The first step was to find the best value I could on large hard drives. As a frequent lurker on r/datahoarder, I had seen people mention that the WD easystore 8 TB drives were frequently on sale for around 50% off at Best Buy, and often had proper WD Red drives inside. I set up an IFTTT recipe to notify me when the prices changed on the Best Buy website, and got 4 drives for only $150 a piece, which is quite a savings over pretty much any other 8 TB drive on the market. Unfortunately, I wasn’t thorough on checking the model numbers on the boxes, so I ended up with the generic non-Red drives once I opened up the enclosures, but since I’m paranoid and was planning on running RAID10 with checksums anyway, I didn’t really care that much.

Weirdly though, two of the four drives wouldn’t power on with a standard SATA power connector.
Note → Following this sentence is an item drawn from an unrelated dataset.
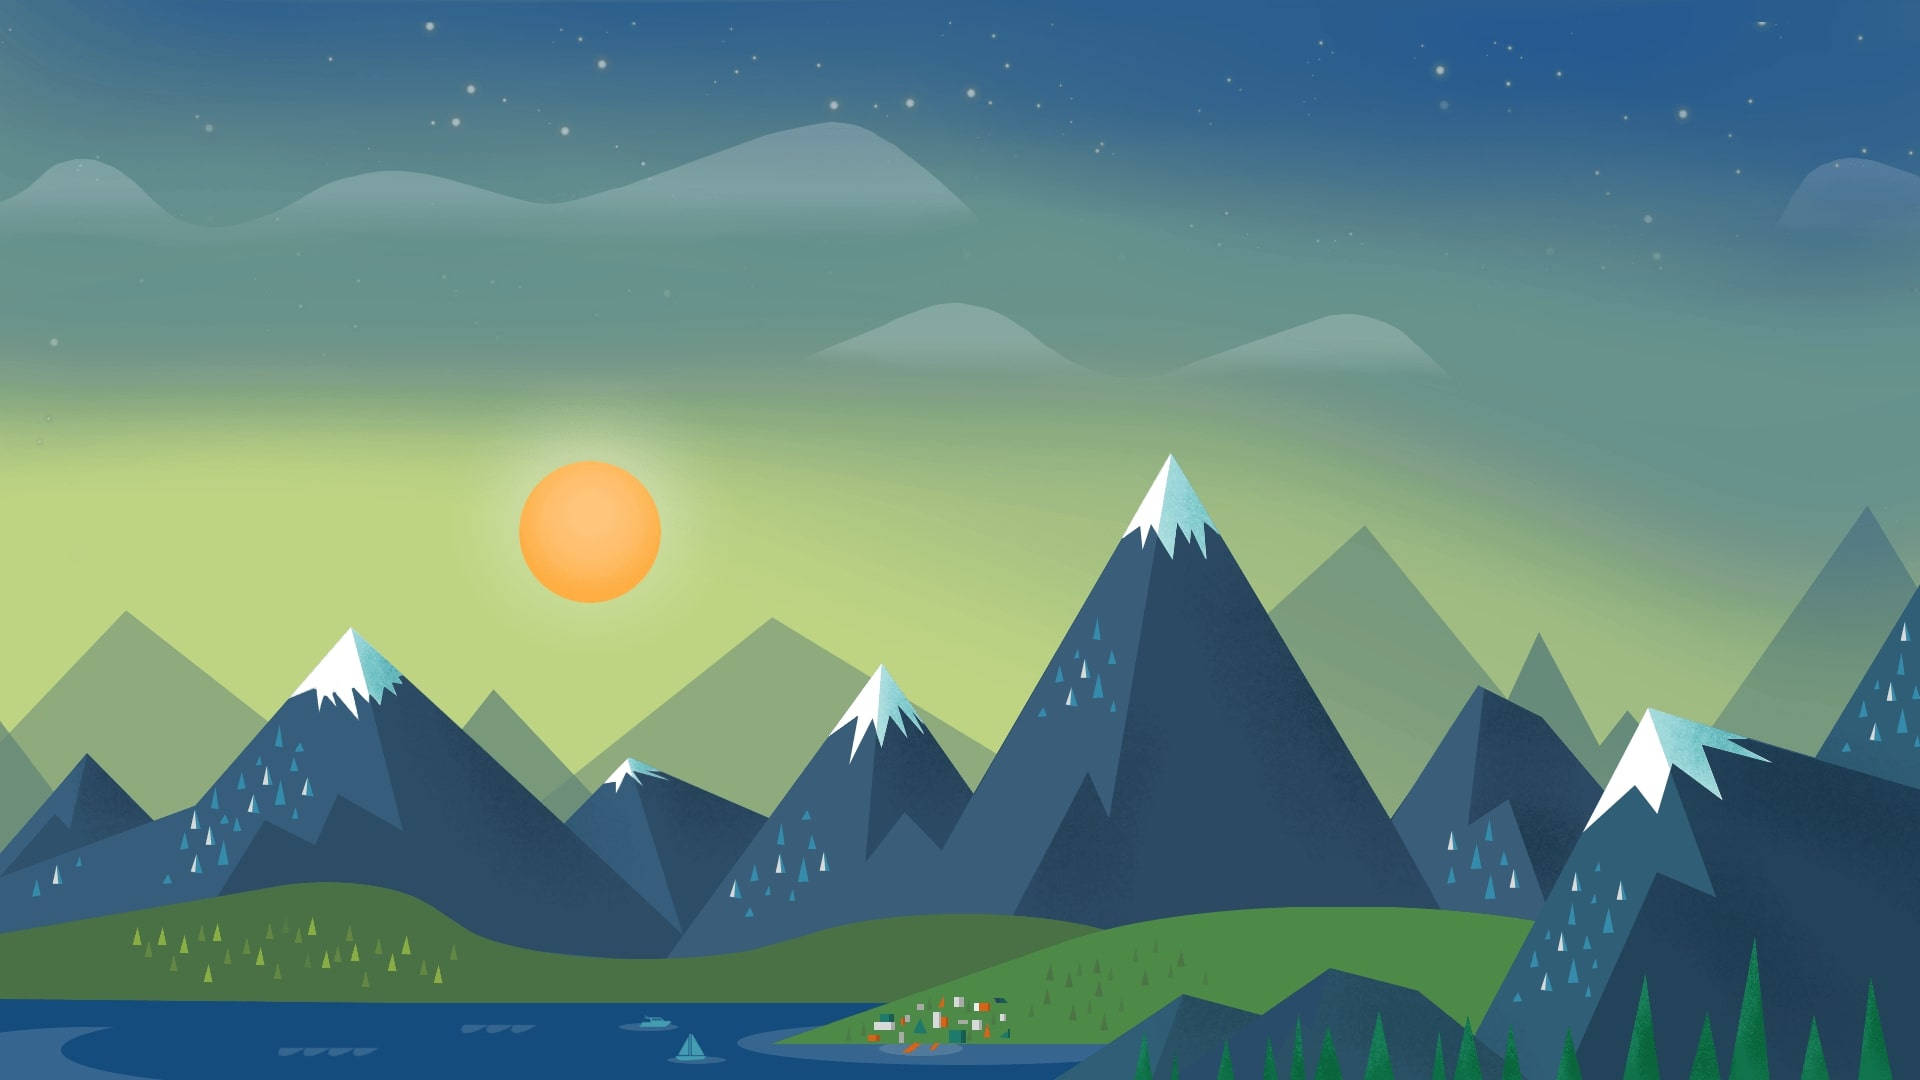 Sunrise And Mountains Material Design Background
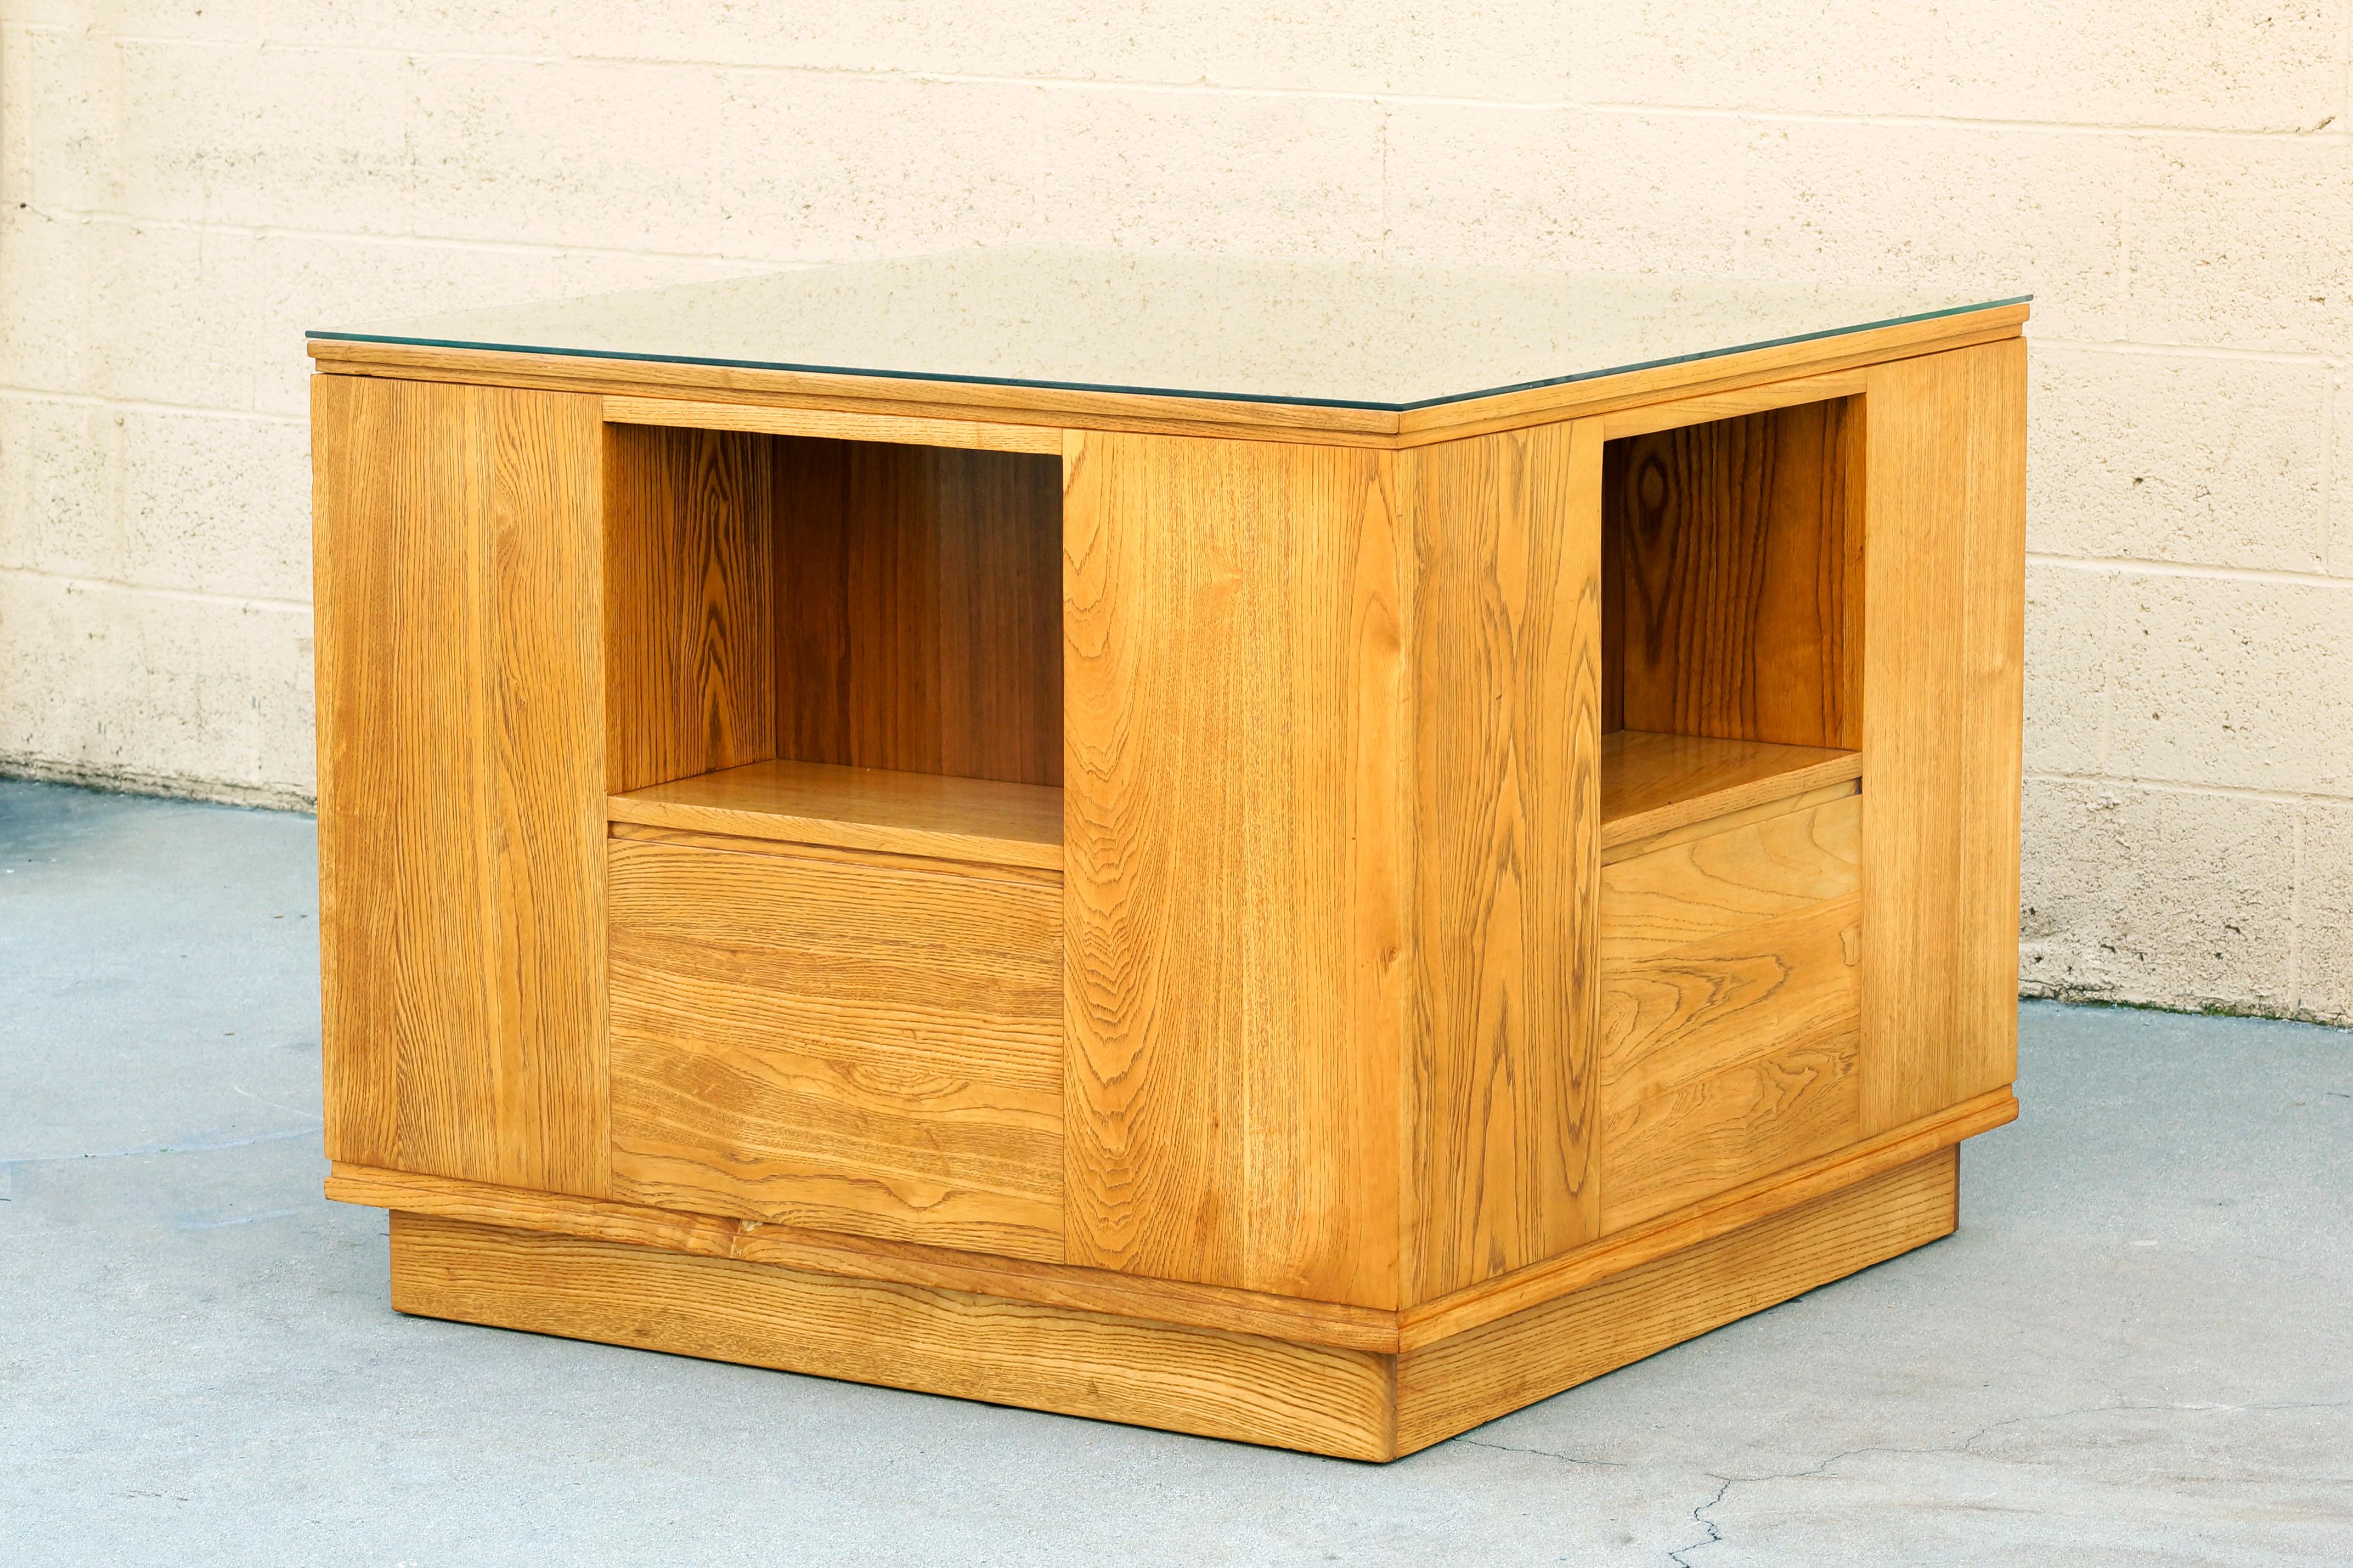 Absolutely wonderful modernist entryway table custom designed by Paul Frankl for a private Los Angeles residence, circa 1940s. Constructed of solid oak with a built-in display alcove on each face. Inset base elevates the cube off the ground.

After a bit of research, there seemed to be two solutions for the issue, with one a bit more elegant than the other, but both a bit weird. Some people found that you could add a resistor between certain leads on the cable to trick the drive into powering on, while some others found that using a Molex to SATA power adapter seemed to fix the problem as well. A hacky combination of adapters resulting in a SATA > Molex > SATA > 4-way SATA splitter, and the drives were up and running! Now for the fun part.

My last server, Vista, ran Ubuntu 14.04 with mdadm RAID10 on 4x 3 TB HDDs. This time around, I wanted to use the best OS ever, Arch Linux, and my favorite filesystem toy, btrfs. I put in a 120 GB ADATA SSD, and in no time at all, my Arch server was up with a basic RAID10 filesystem running on my new drives. Then I started up rsync, and called it a night.

Around 6 TB of data later, the new server just needed a bit of software setup to match the old server’s feature set, and it was good to go. I swapped the IPs of the machines on my DHCP server to keep existing static entries working, and after a few days of running the old one to make sure everything was there, I took it down. Since I had a few spare SATA ports on the new server still, I moved two of the 3 TB Seagate HDDs from the old server over to the new one and added them to the btrfs volume, put another one in my desktop PC, Rin, and the fourth drive into one of the enclosures from the 8 TB drives. Finally, plenty of disk space everywhere I need it.

A look at the current filesystem status shows just how wonderfully overkill this is for a home file server:

[alan@longhorn ~]$ btrfs filesystem usage /storage -H
    Device size:                           38.01TB
    Device allocated:                      12.46TB
    Device unallocated:                    25.54TB
    Device missing:                         8.00TB
    Used:                                  12.44TB
    Free (estimated):                      12.78TB      (min: 12.78TB)
    Data ratio:                               2.00
    Metadata ratio:                           2.00
    Global reserve:                       536.87MB      (used: 0.00B)

I still need to go through a few terabytes of data on my desktop PC, and eventually organize it all and move it over to Longhorn, but the result I’ve got now is something I’m incredibly satisfied with. The new setup leaves Longhorn with 38 terabytes of hard drives, giving a usable 19 terabytes after RAID1 redunancy and the overhead of btrfs’s metadata storage.